DATA EXCERPT
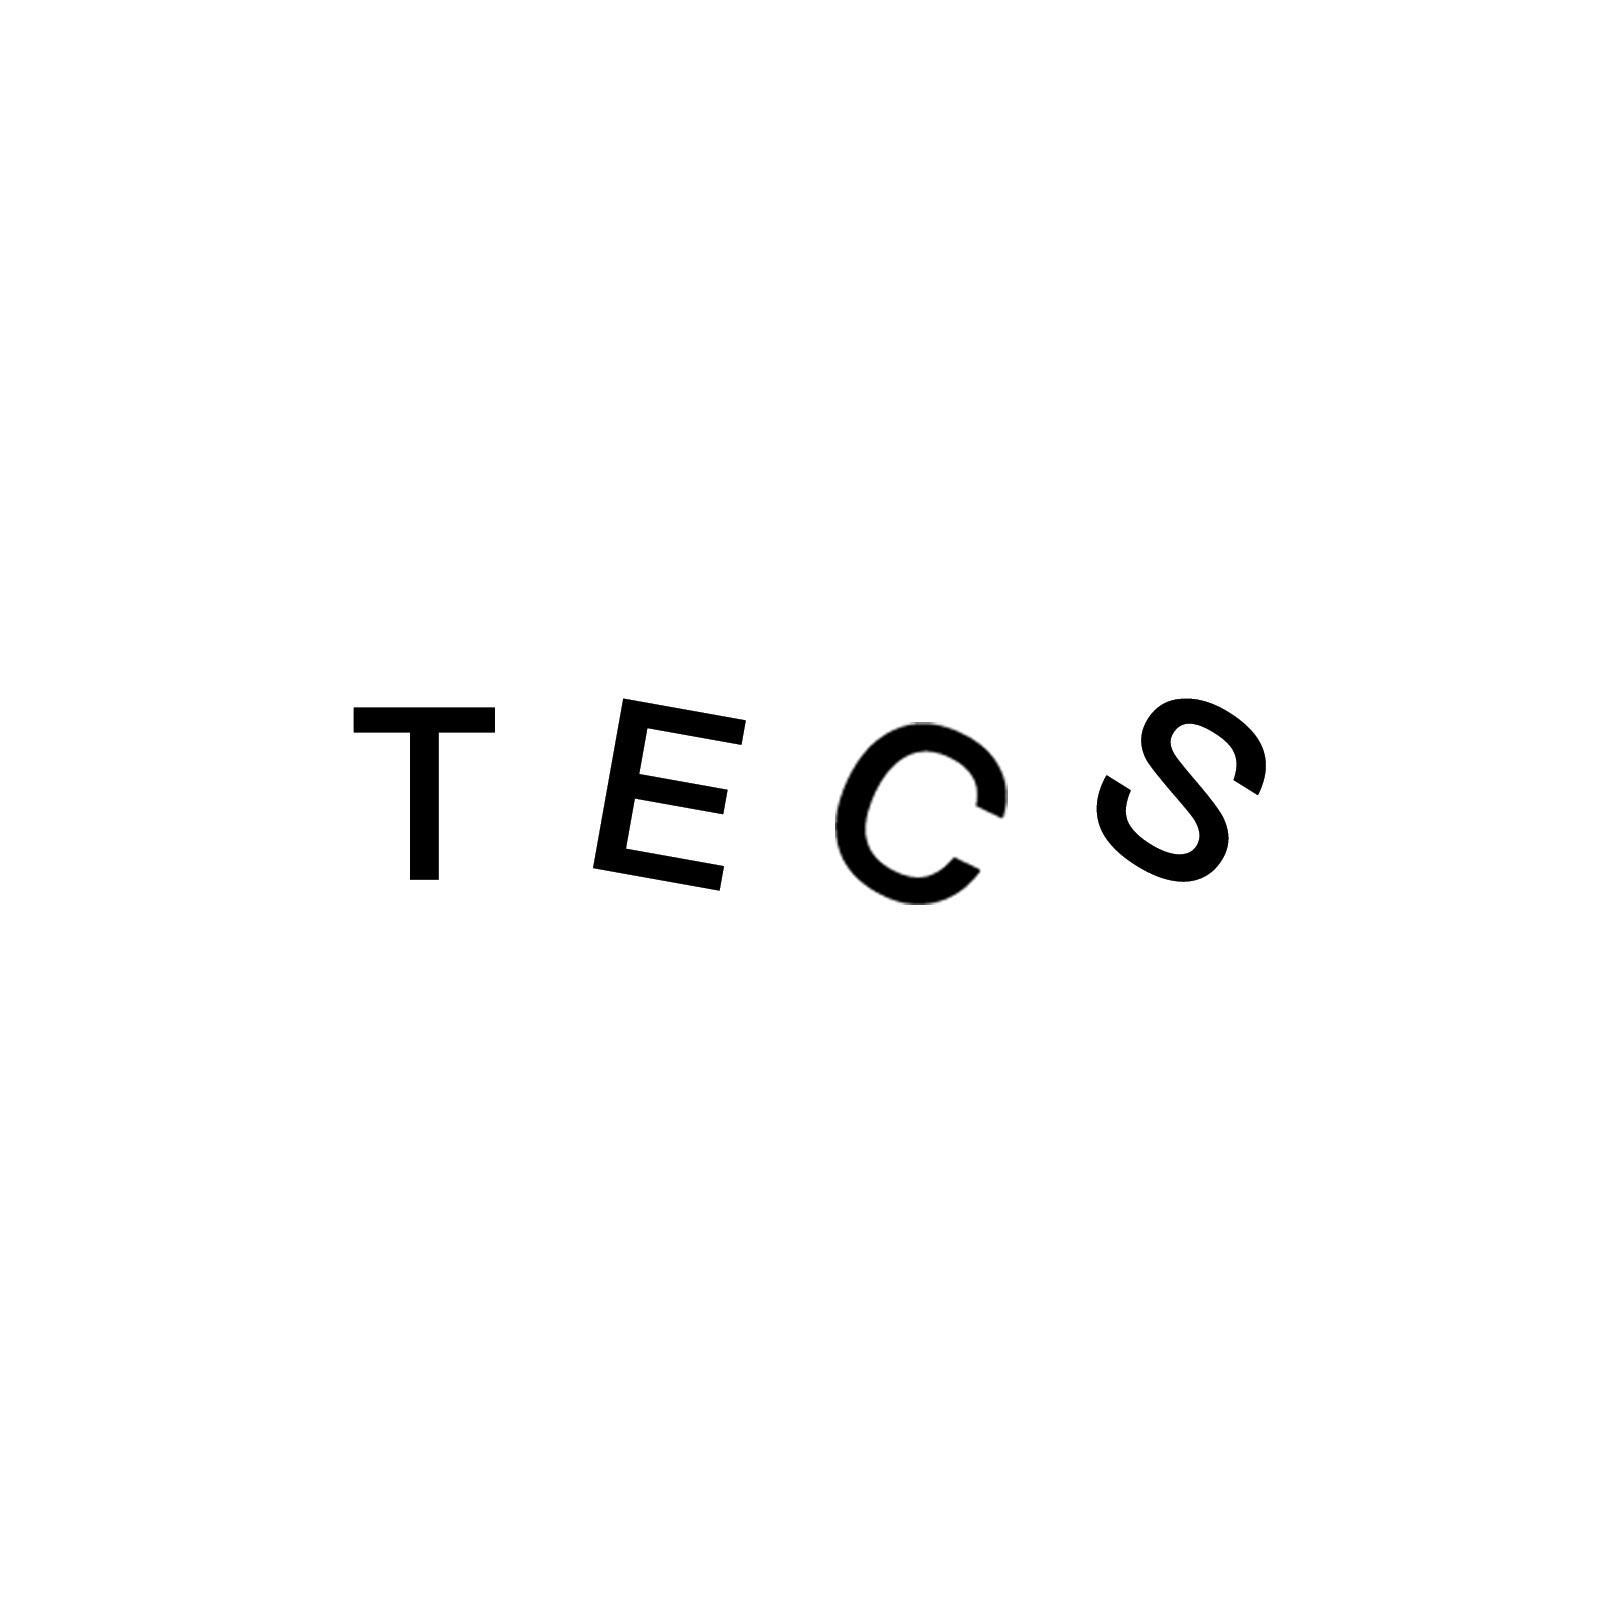 王笑恒TechsonMedia
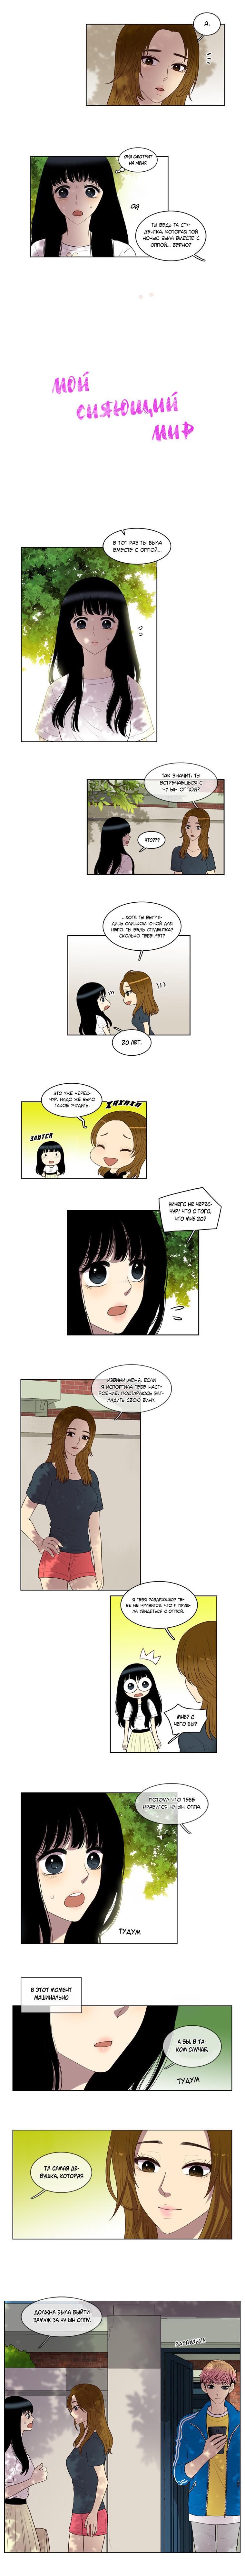 https://r1.mangarussia.com/comics/pic2/6/22022/224244/1428909081614.jpg Page 1
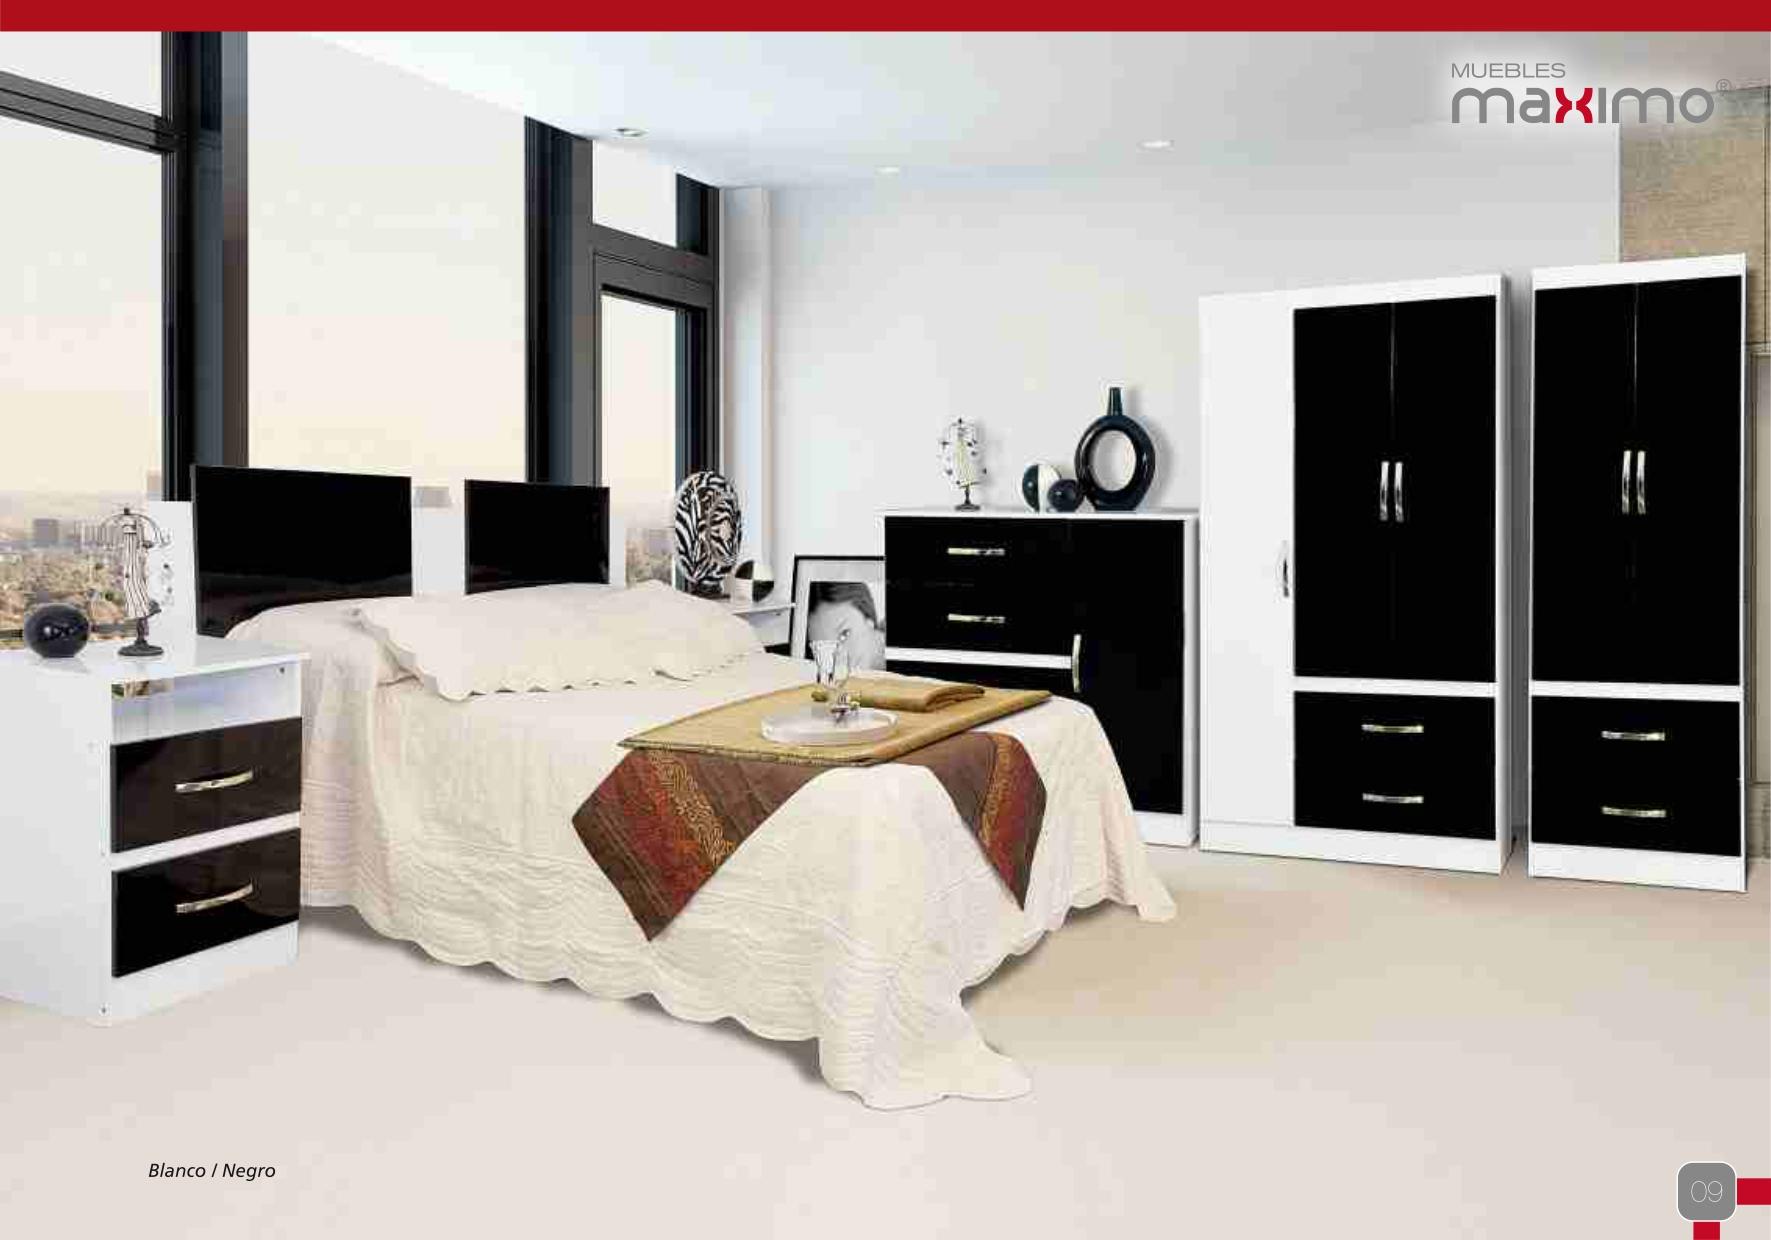 Muebles Maximo Salta - Catalogo 2016 Hacemos Hogares Confortables[mjhdah]http://www.mueblesmaximo.com.ar/imagenes_misaplicaciones/WG4_33619___5.jpg

EXERCISE DETAILS
For every line above, produce an exact transcription that omits the images.

RESULT OF THIS EXERCISE
 王笑恒TechsonMedia
 https://r1.mangarussia.com/comics/pic2/6/22022/224244/1428909081614.jpg Page 1
 Muebles Maximo Salta - Catalogo 2016 Hacemos Hogares Confortables[mjhdah]http://www.mueblesmaximo.com.ar/imagenes_misaplicaciones/WG4_33619___5.jpg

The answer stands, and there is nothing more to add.